How does an organization conduct due diligence on vendors during a pandemic? It’s a question that supply chain professionals are asking more often these days as their organizations shift production in response to changes in suppliers’ operations and customer demand. “Performing due diligence during [the COVID-19 pandemic] isn’t easy, with no travel budgets and many plants secured to outside visitors,” said Sarah Rathke, partner with Squire Patton Boggs and an expert in complex supply chain disputes.
Yet, effective due diligence remains critical. “A supplier’s noncompliance with applicable regulations can result in the purchaser’s own product violating regulatory requirements,” said Rob Ware, a partner with Thompson Hine with broad experience in supply chain management. Ensuring a suppliers’ compliance with regulations also reduces the risk that an action against the supplier leads to a plant shutdown or other disruption, he added. In addition, many buyers, whether corporate or consumer, want to ensure the companies with which they do business reflect their own values.
While it may be tempting to assume a firm is too small to attract the notice of regulators, that’s a risky strategy. Once you’re on the regulators’ radar, it doesn’t matter whether your company is General Motors or a mom-and-pop business, said Jack Ulrich, founding member of the defense contracting and regulatory compliance practice group with Kotz Sangster. If conducting appropriate due diligence is beyond the company’s resources, it should consider engaging outside experts.
Match due diligence to risk
A first step in conducting due diligence is calibrating it to the level of risk posed by the potential supplier, Ware said. The risk typically increases if the supplier is a foreign entity in a high-risk country, provides a critical input for your company’s business, and/or your company’s regulatory compliance expressly depends on the supplier’s adherence to regulatory requirements, he added.
One area of supplier compliance that’s sometimes overlooked is the Foreign Corrupt Practices Act[1] (FCPA), Ware said. The FCPA makes it “unlawful for certain classes of persons and entities to make payments to foreign government officials to assist in obtaining or retaining business.”[2]
Some companies assume FCPA compliance applies only to the selling side of their businesses (i.e., they’re concerned about bribes and kickbacks paid by local distributors or sales agents). However, suppliers can present risks, as well, Ware said. Consider a supplier that bribes a government official to avoid inspection reports or ignore noncompliance with labeling requirements. “This conduct could become the basis of an FCPA violation for a U.S. purchaser,” Ware said.
In theory, suppliers that violate the FCPA would be able to offer more favorable terms. “Companies need to be vigilant when considering a supplier that is able to offer pricing or shipping terms that are out of line with similarly situated competitors,” Ware said.
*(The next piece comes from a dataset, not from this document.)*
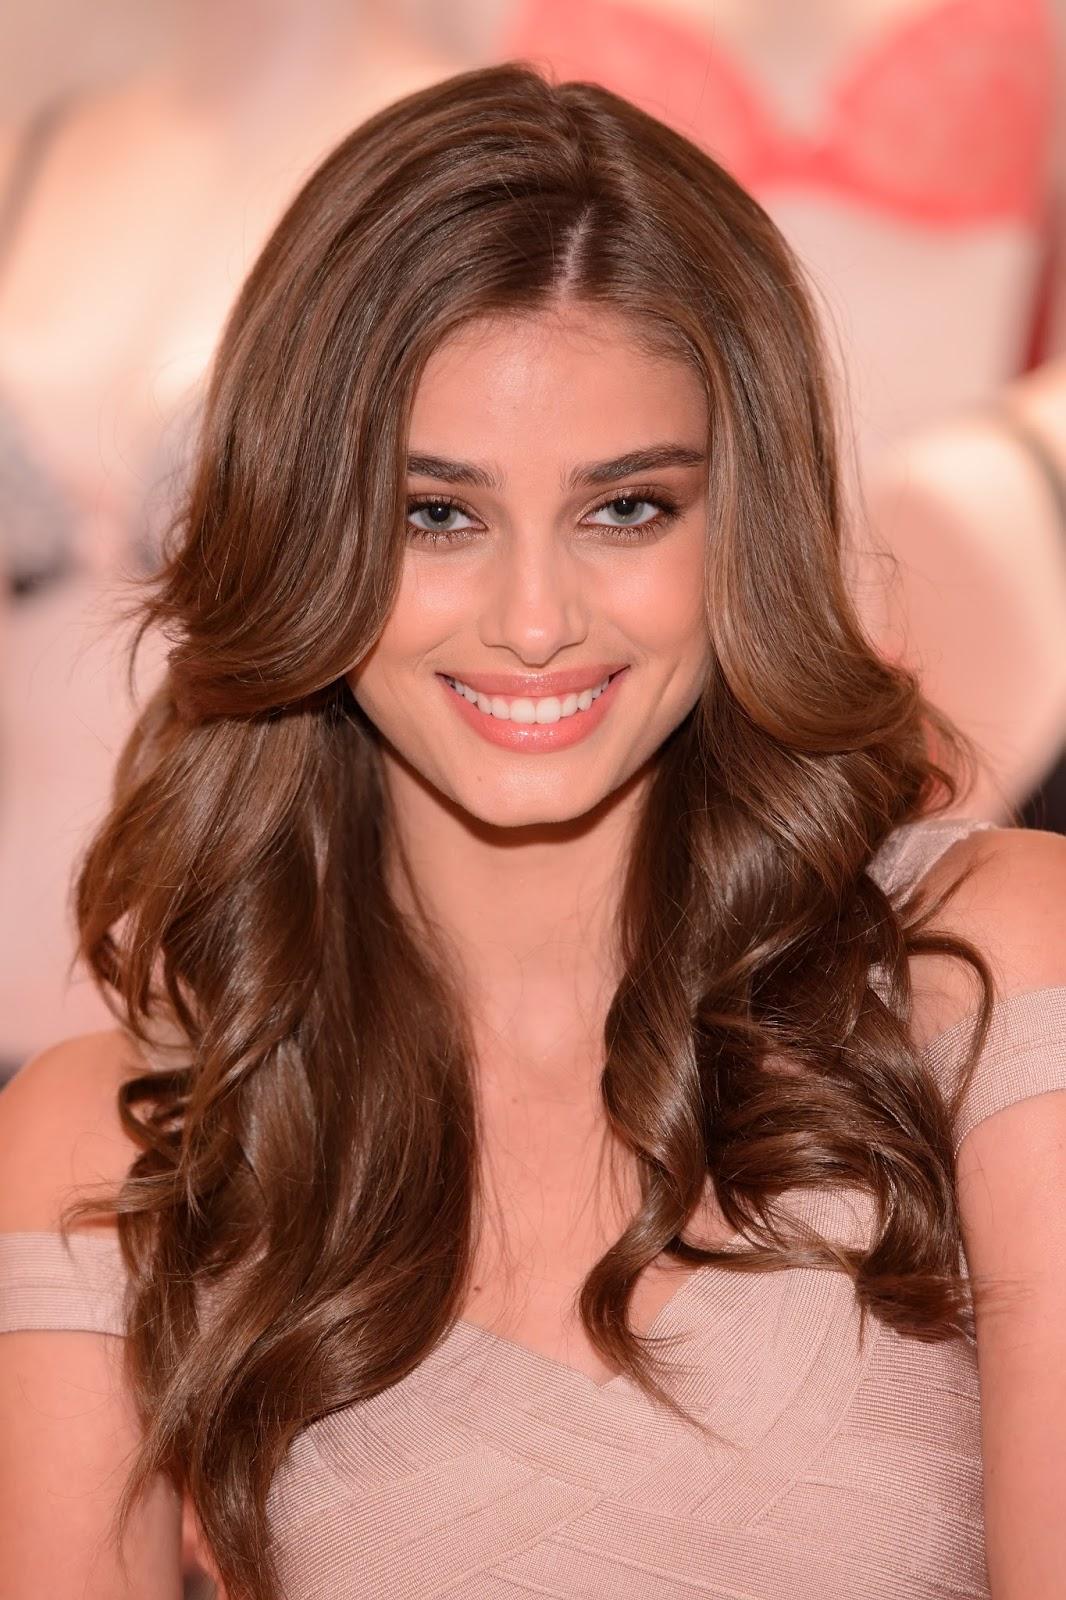 haykhota.com: Fashion Model @ Taylor Marie Hill - Body by Victoria Launch Tour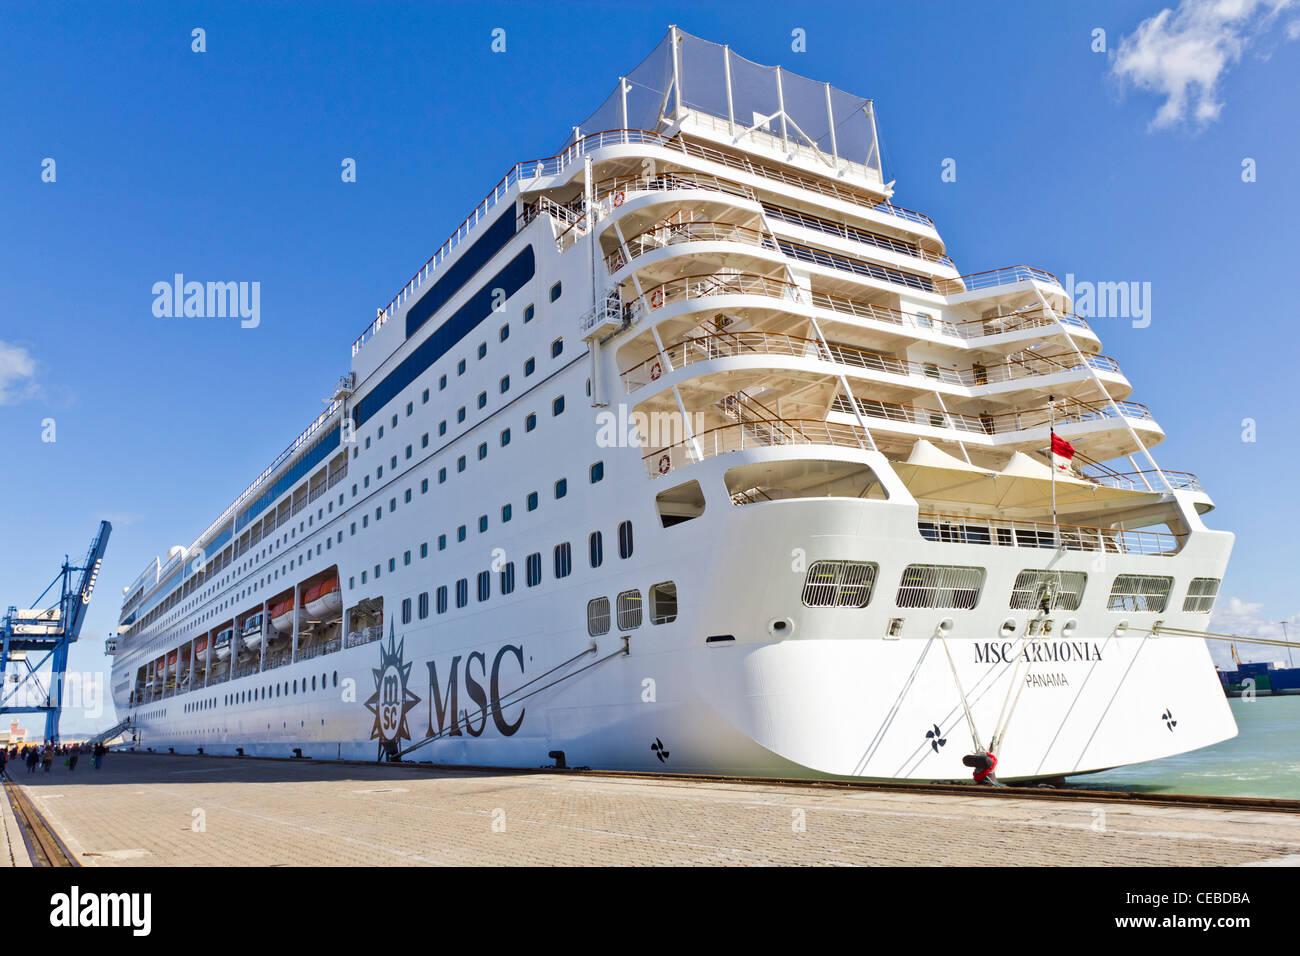 MSC Armonia Cruise Ship Docked At Cadiz Spain Stock Photo - Msc armonia

Another risk comes from shell companies posing as legitimate suppliers to attempt to funnel money to people or countries with which American businesses aren’t allowed to trade, Ulrich said. One step to addressing this risk is checking any of the various databases that identify restricted and/or denied parties, which are those engaging in activities considered contrary to U.S. security and/or foreign policy interests. Look for both the company and the individual’s name, search for the company’s true owner and watch for any relationships with government entities, he advised. Then, “devote your time and energy to the most likely problemchildren.”
The “agency question,” is also an area of concern, Rathke said. “Some cultures have a looser sense of who can act as an agent of the company,” she said. It’s not unheard of for a company to assume an individual is employed by a specific firm only to later discover that’s not the case—perhaps when the company disclaims them and says it didn’t agree to a transaction in the first place. “You need a letter of representation from the company,” she added.
Conduct supplier assessments—virtually
Historically, ensuring a supplier was complying with applicable safety, environmental, labor and other regulations required, among other steps, a plant visit. That may still be possible within the U.S. and can be a prudent move, Rathke said. “You want to make sure they’re not down to such a skeleton staff that it’s hazardous.”
Plant visits outside North America often remain difficult, as many plants are restricting foreign visitors. One step is to work with a law firm in the region, Rathke said. Many are familiar with the local manufacturing environment and are used to working with U.S. companies.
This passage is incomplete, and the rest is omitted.